EXERCISE DETAILS: From the line holding "Last week&rsquo;s rains" through the line holding "#landscaping #NewBraunfelslandscaping #Bulverdelandscaping" below, write out every line exactly; include both of those lines and drop the pictures.

*** GIVEN ENTRIES Section Begins ***

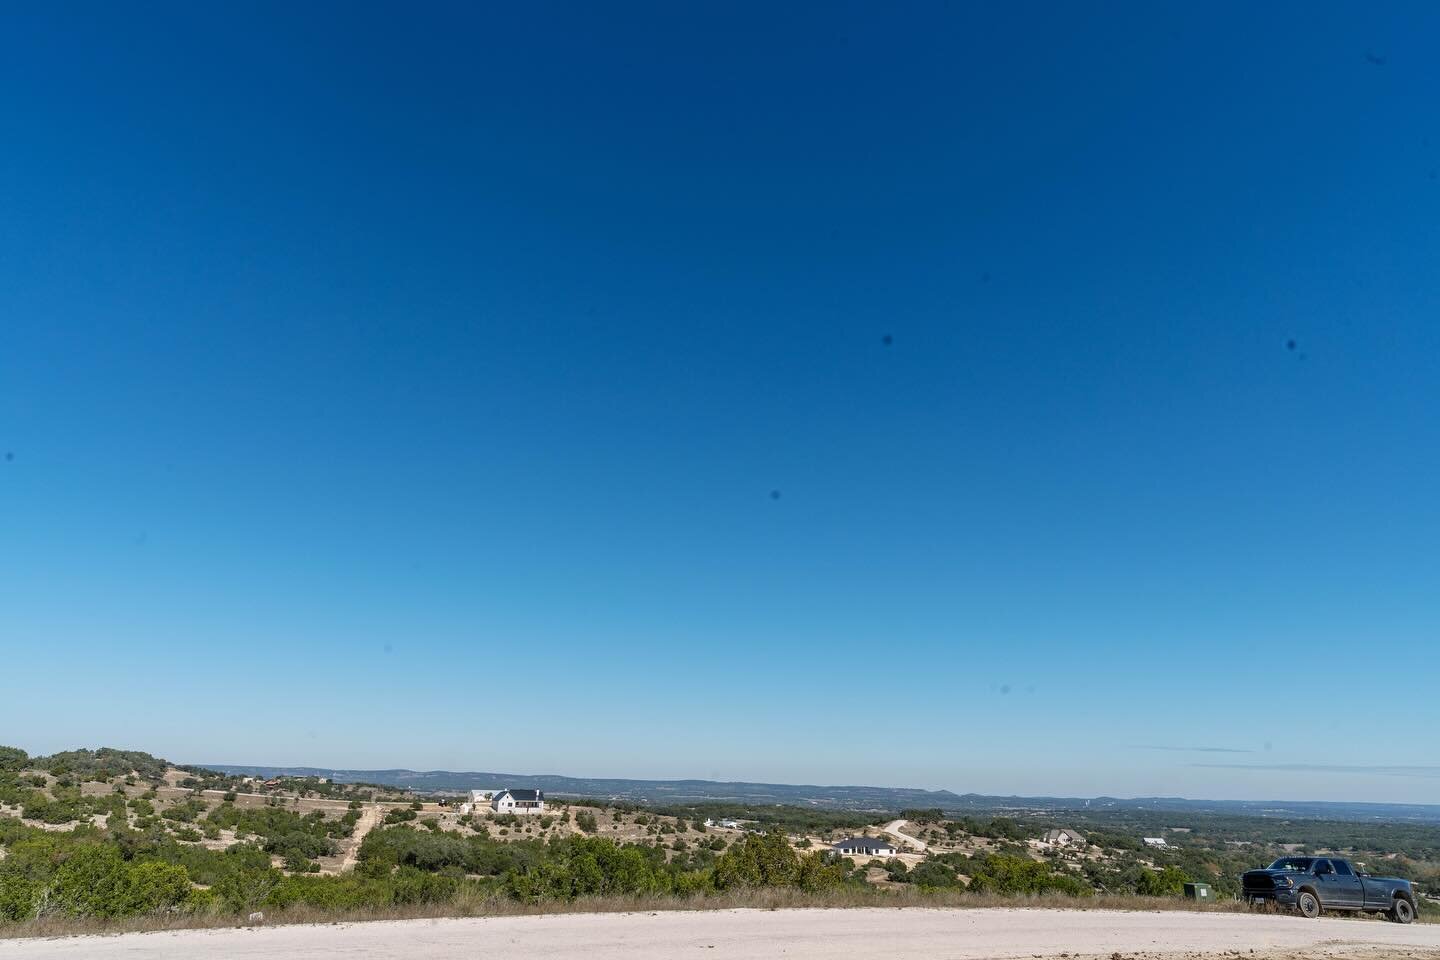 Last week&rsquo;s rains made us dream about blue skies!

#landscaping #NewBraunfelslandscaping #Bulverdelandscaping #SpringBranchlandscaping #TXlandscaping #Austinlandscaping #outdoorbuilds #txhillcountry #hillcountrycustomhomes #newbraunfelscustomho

*** GIVEN ENTRIES Section Ends ***
*** GIVEN ENTRIES Section Begins ***

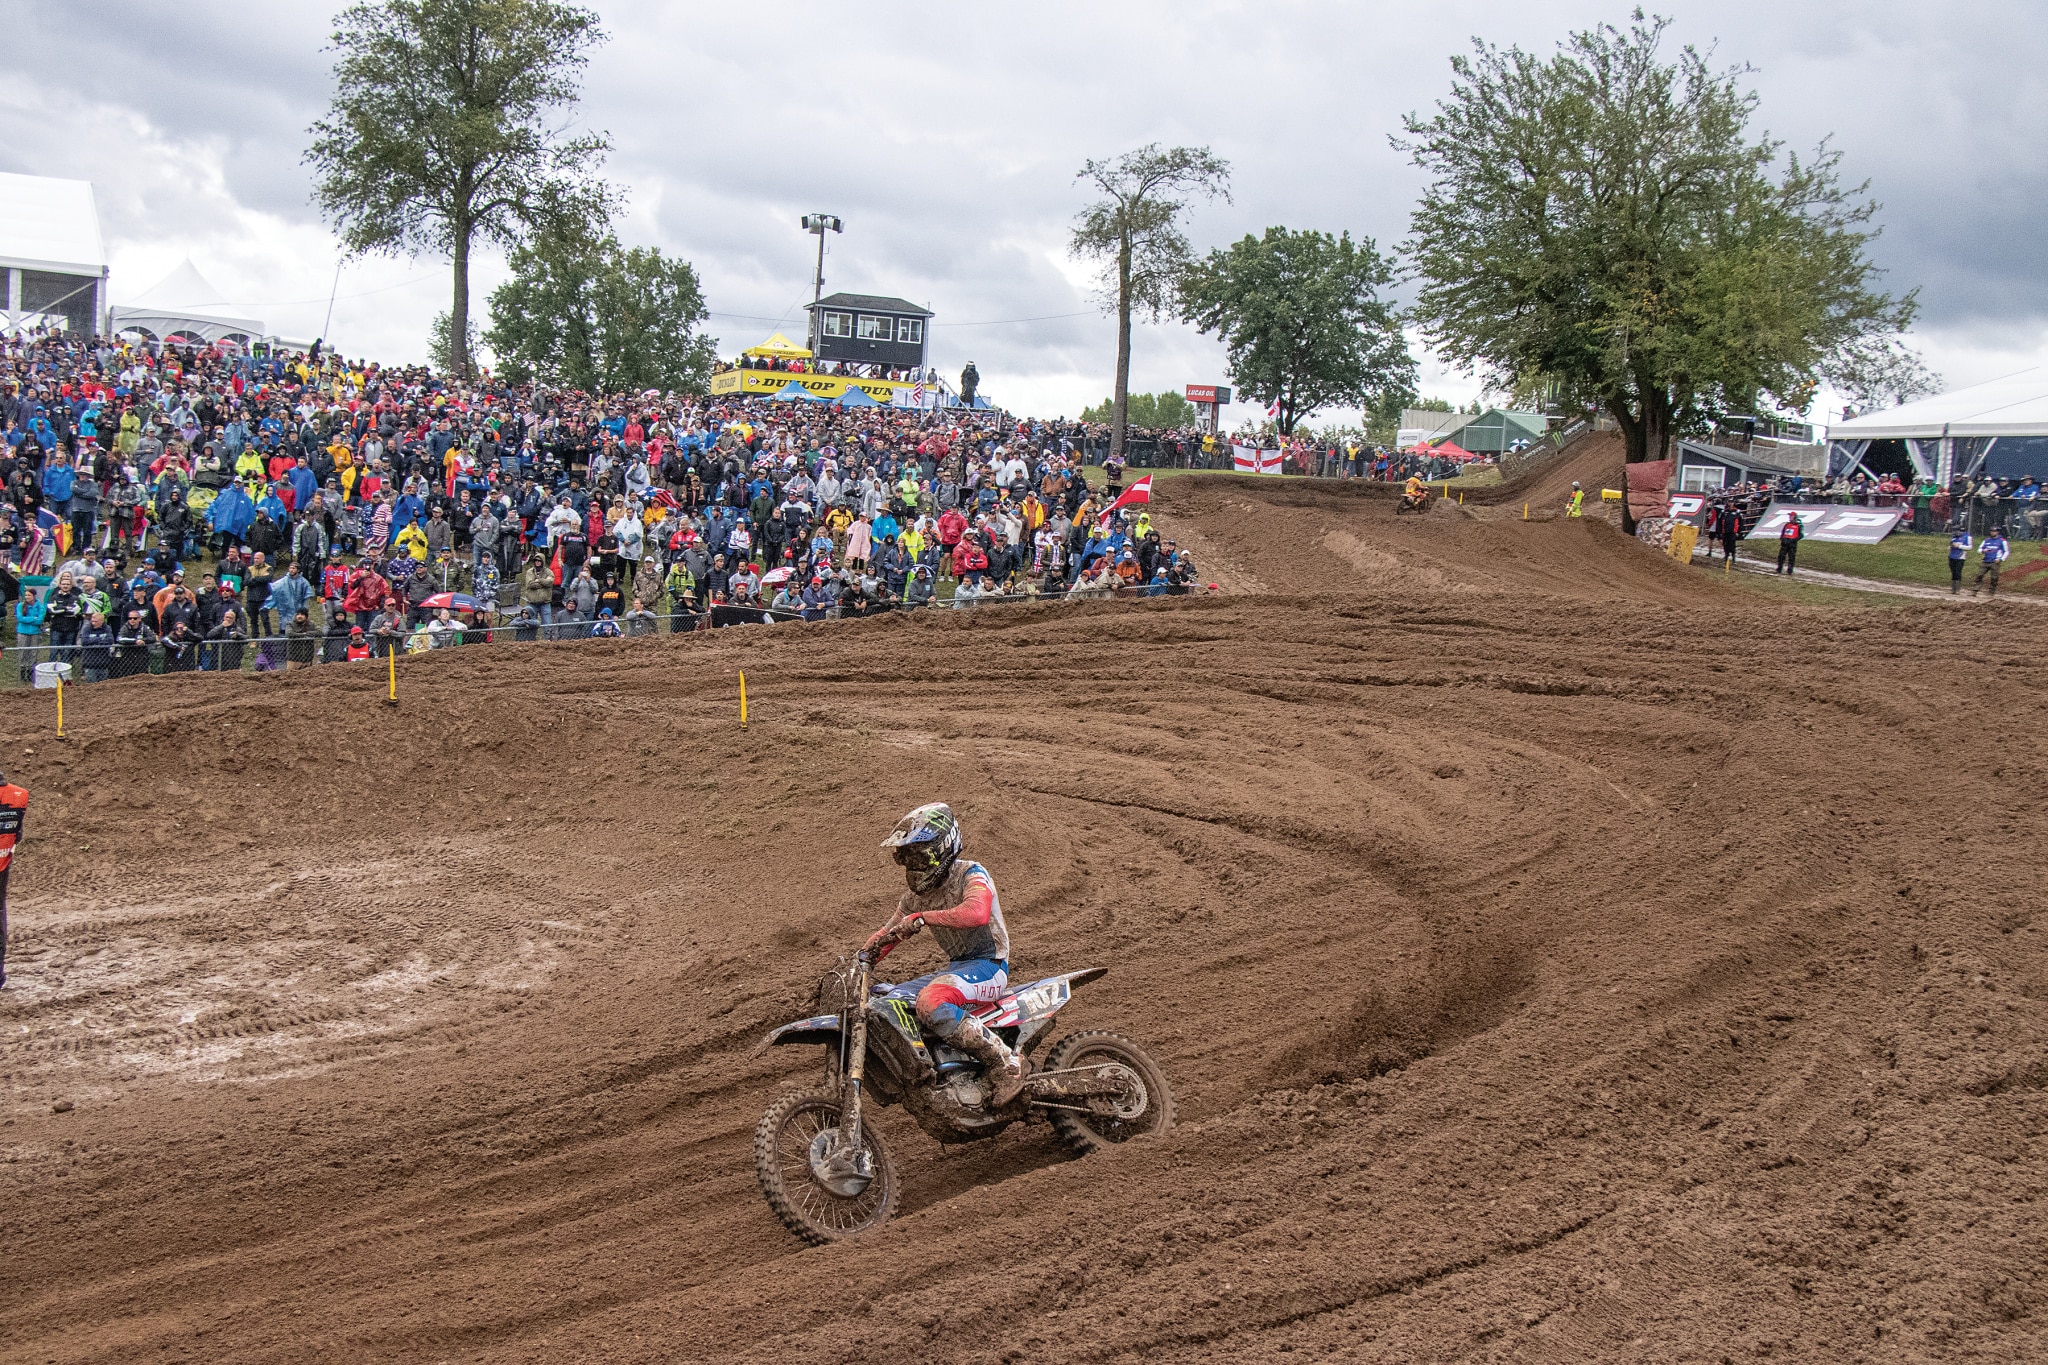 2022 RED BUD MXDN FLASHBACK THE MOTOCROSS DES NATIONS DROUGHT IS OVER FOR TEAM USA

*** GIVEN ENTRIES Section Ends ***

EXPECTED OUTPUT:
 Last week&rsquo;s rains made us dream about blue skies!

#landscaping #NewBraunfelslandscaping #Bulverdelandscaping #SpringBranchlandscaping #TXlandscaping #Austinlandscaping #outdoorbuilds #txhillcountry #hillcountrycustomhomes #newbraunfelscustomho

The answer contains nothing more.